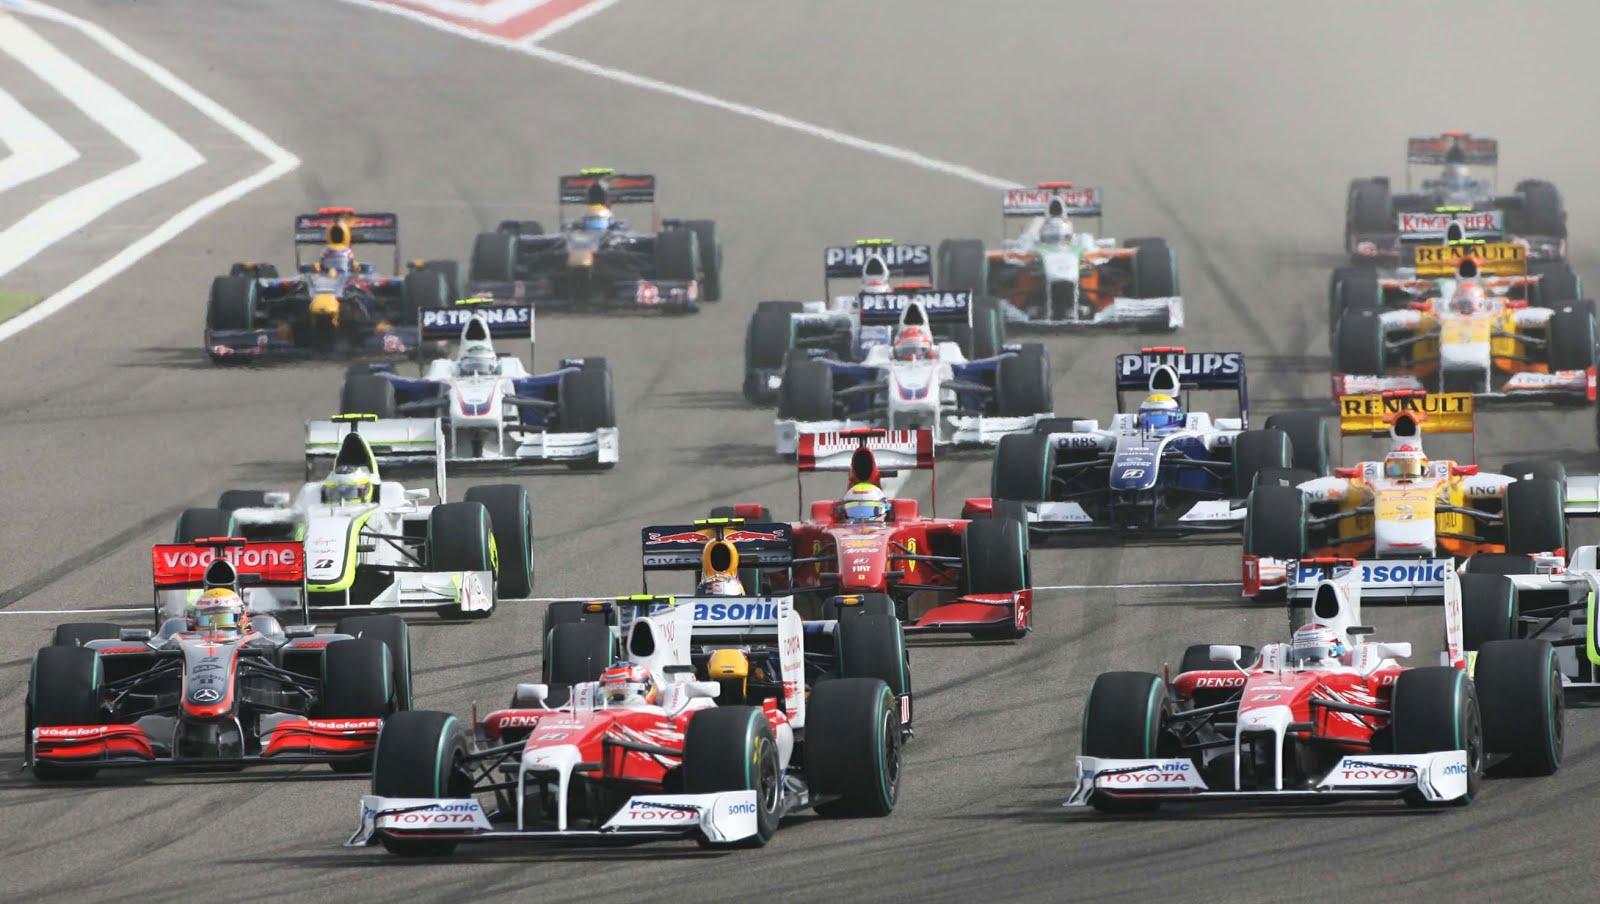 Jadwal Formula 1 Musim 2013 Lengkap
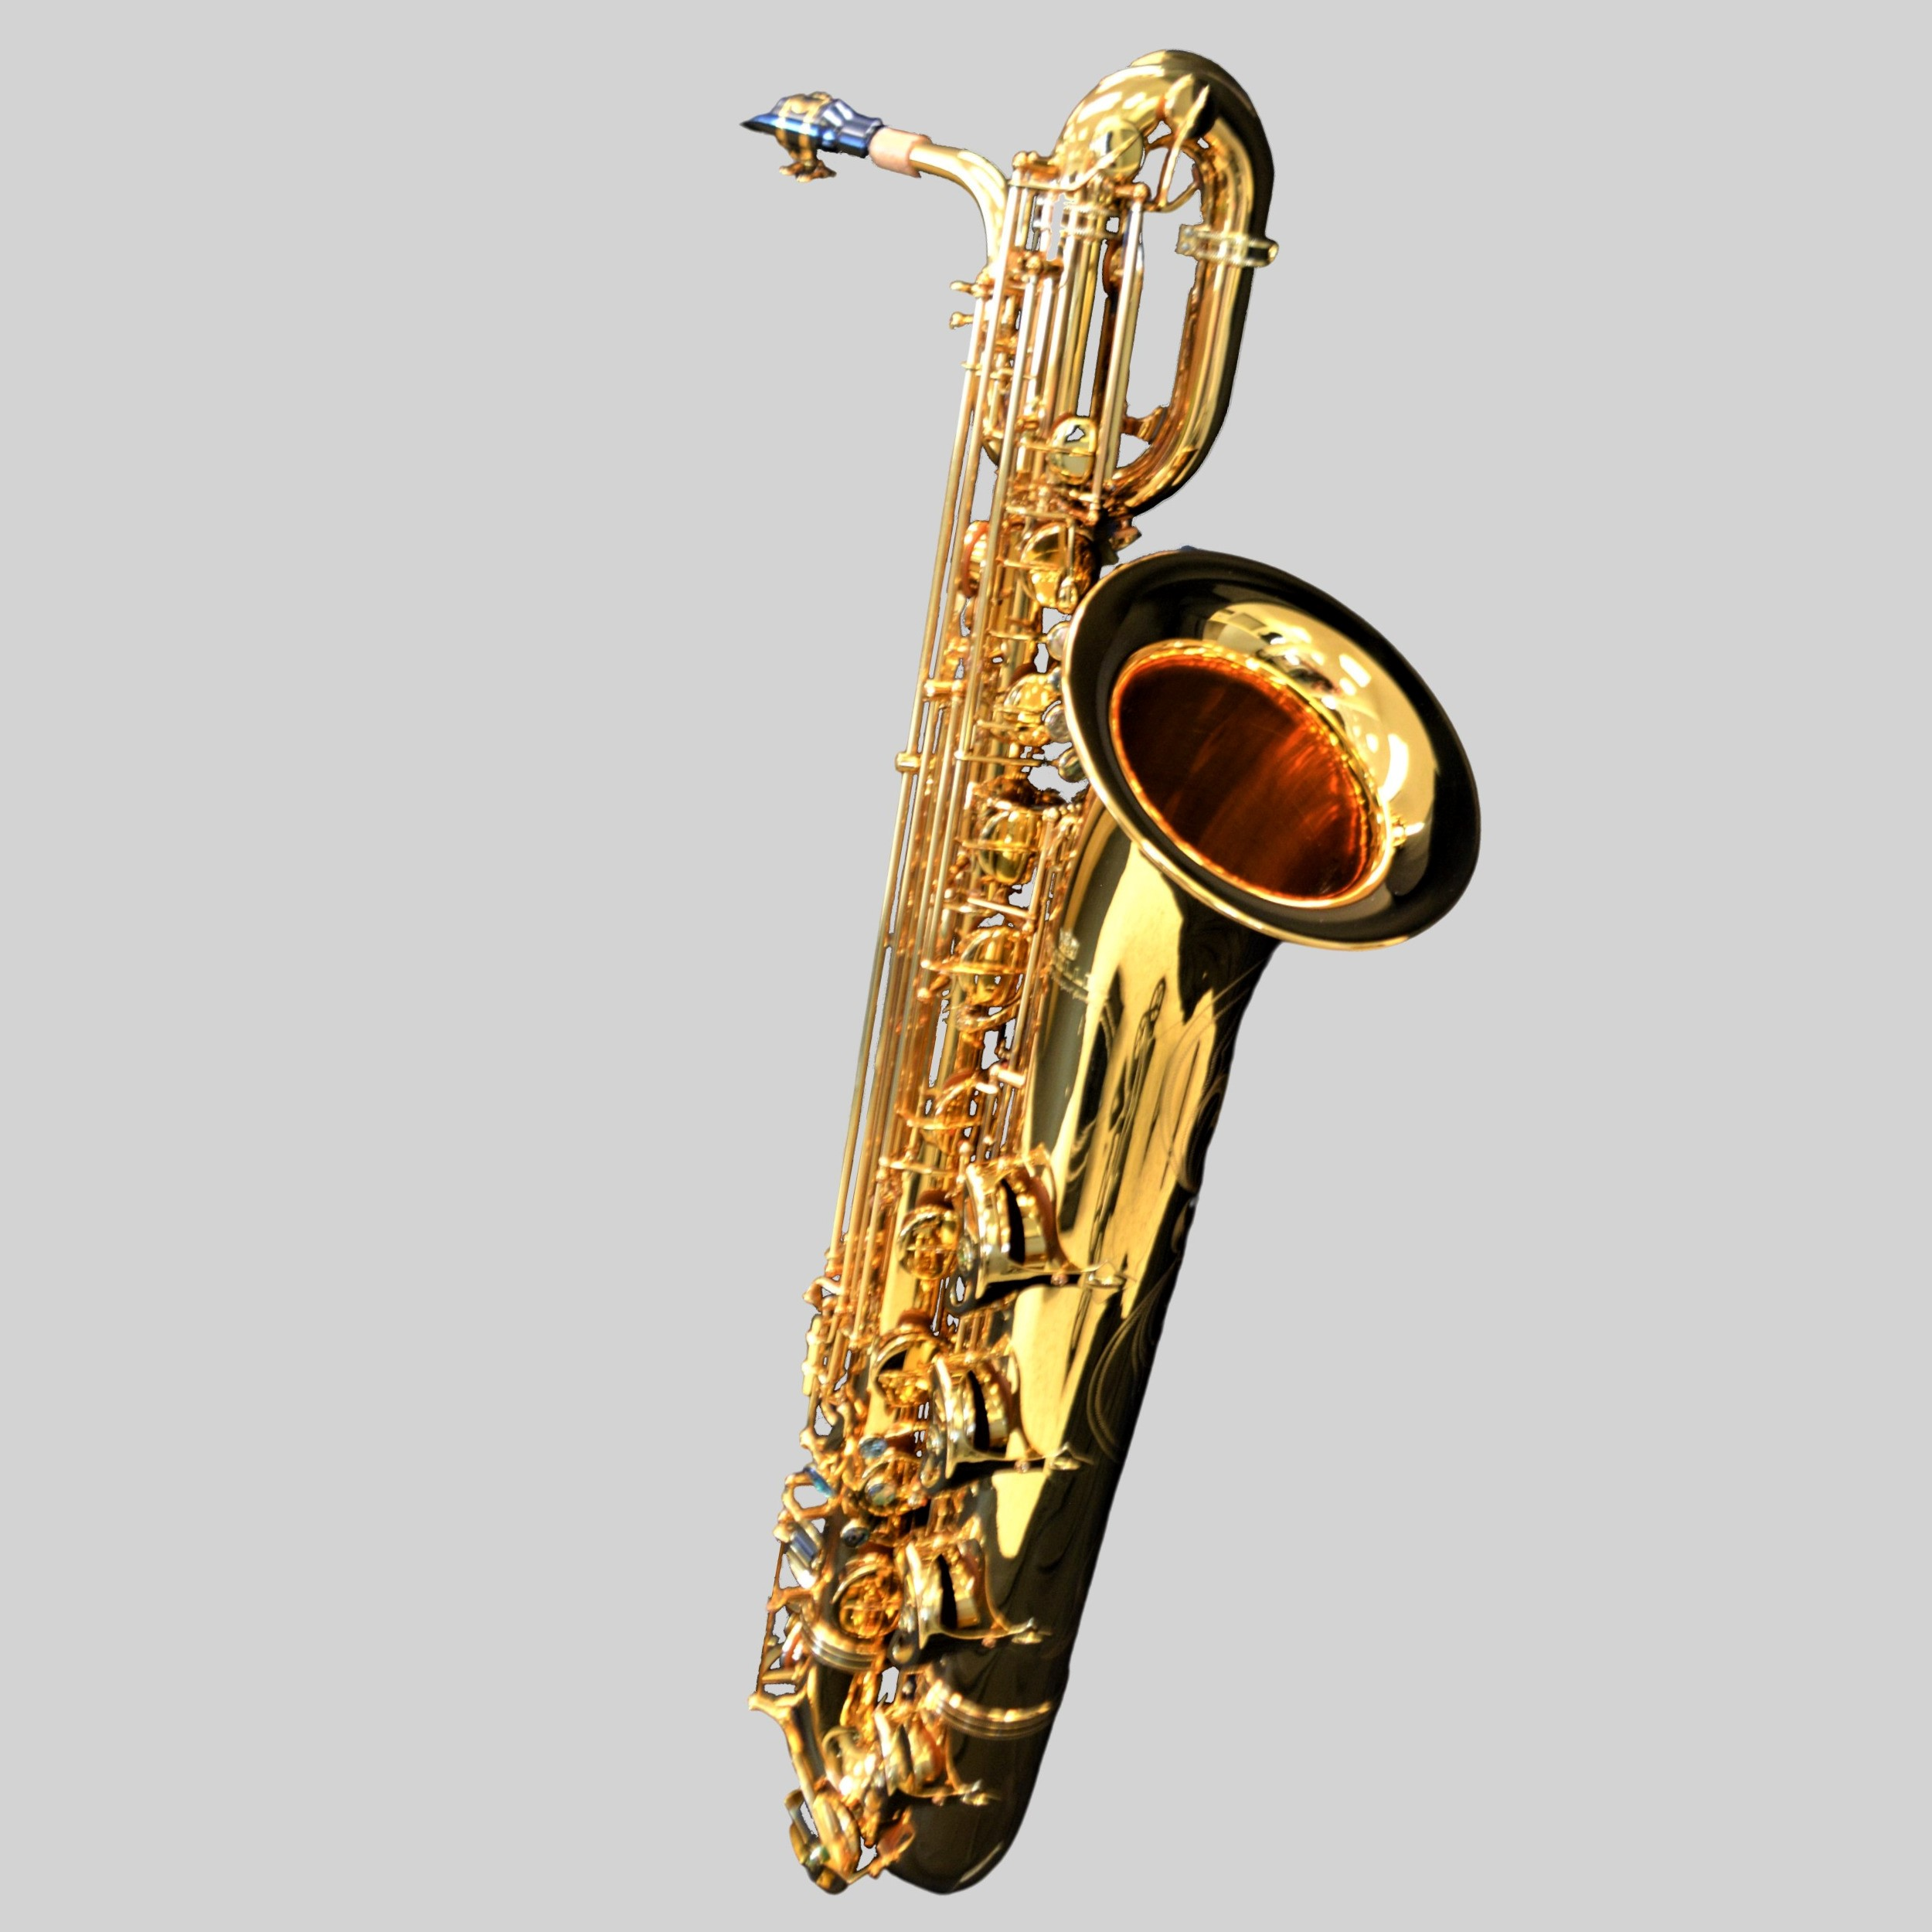 Elite V Baritone Saxophone Gold Plate
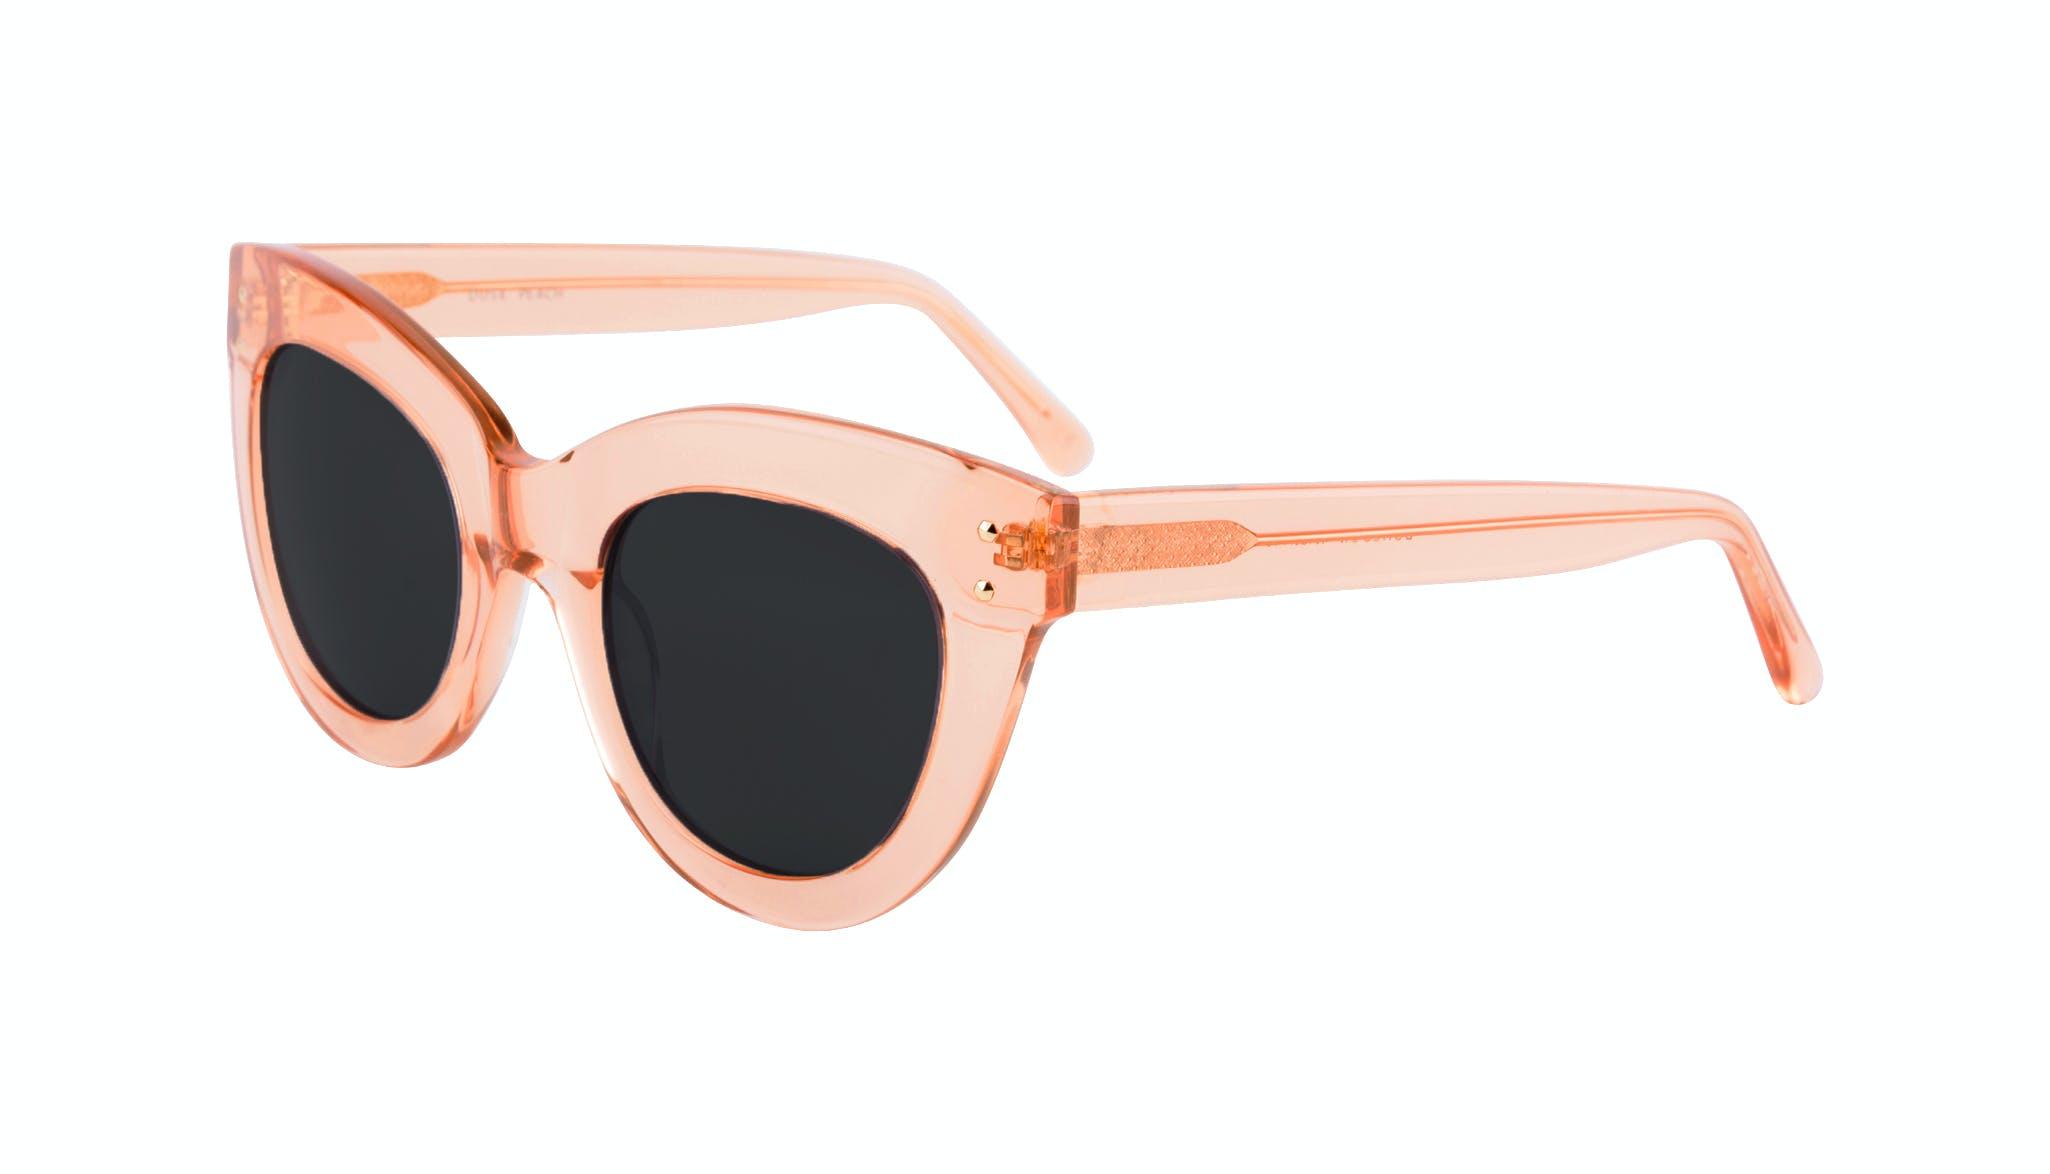 Lunettes tendance Oeil de chat Lunettes de soleil Femmes Dusk Peach Incliné
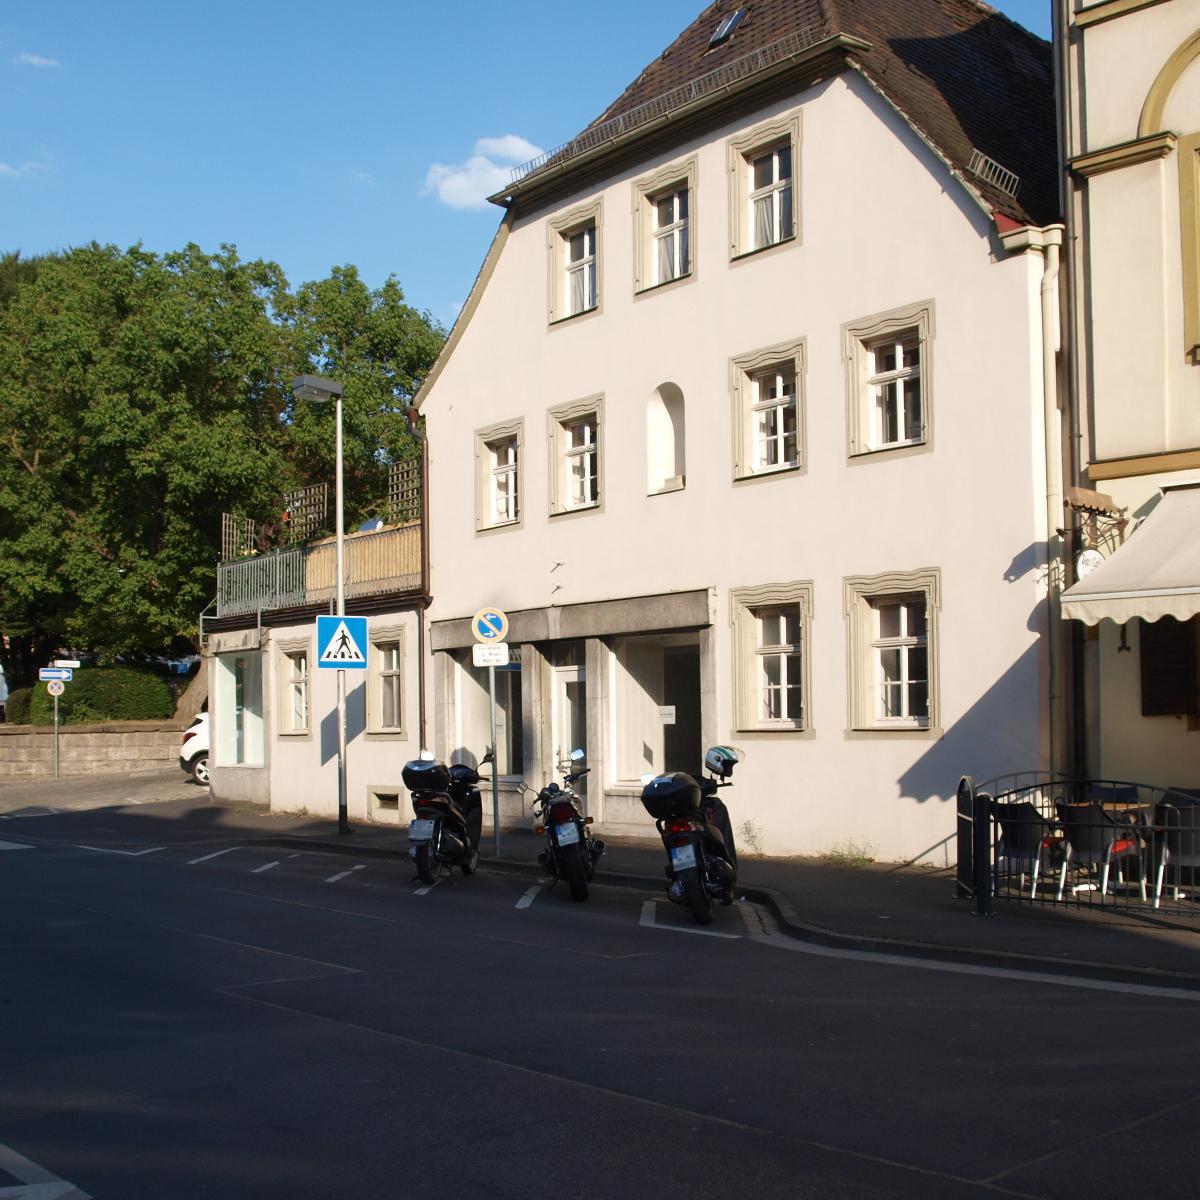 Motorradparkplatz Kitzingen Kaiserstraße 31
**********
## Work instruction
Copy the listing above in full and exactly, but omit each picture that it holds.

## Expected answer
 Jadwal Formula 1 Musim 2013 Lengkap
 Elite V Baritone Saxophone Gold Plate
 Lunettes tendance Oeil de chat Lunettes de soleil Femmes Dusk Peach Incliné
 Motorradparkplatz Kitzingen Kaiserstraße 31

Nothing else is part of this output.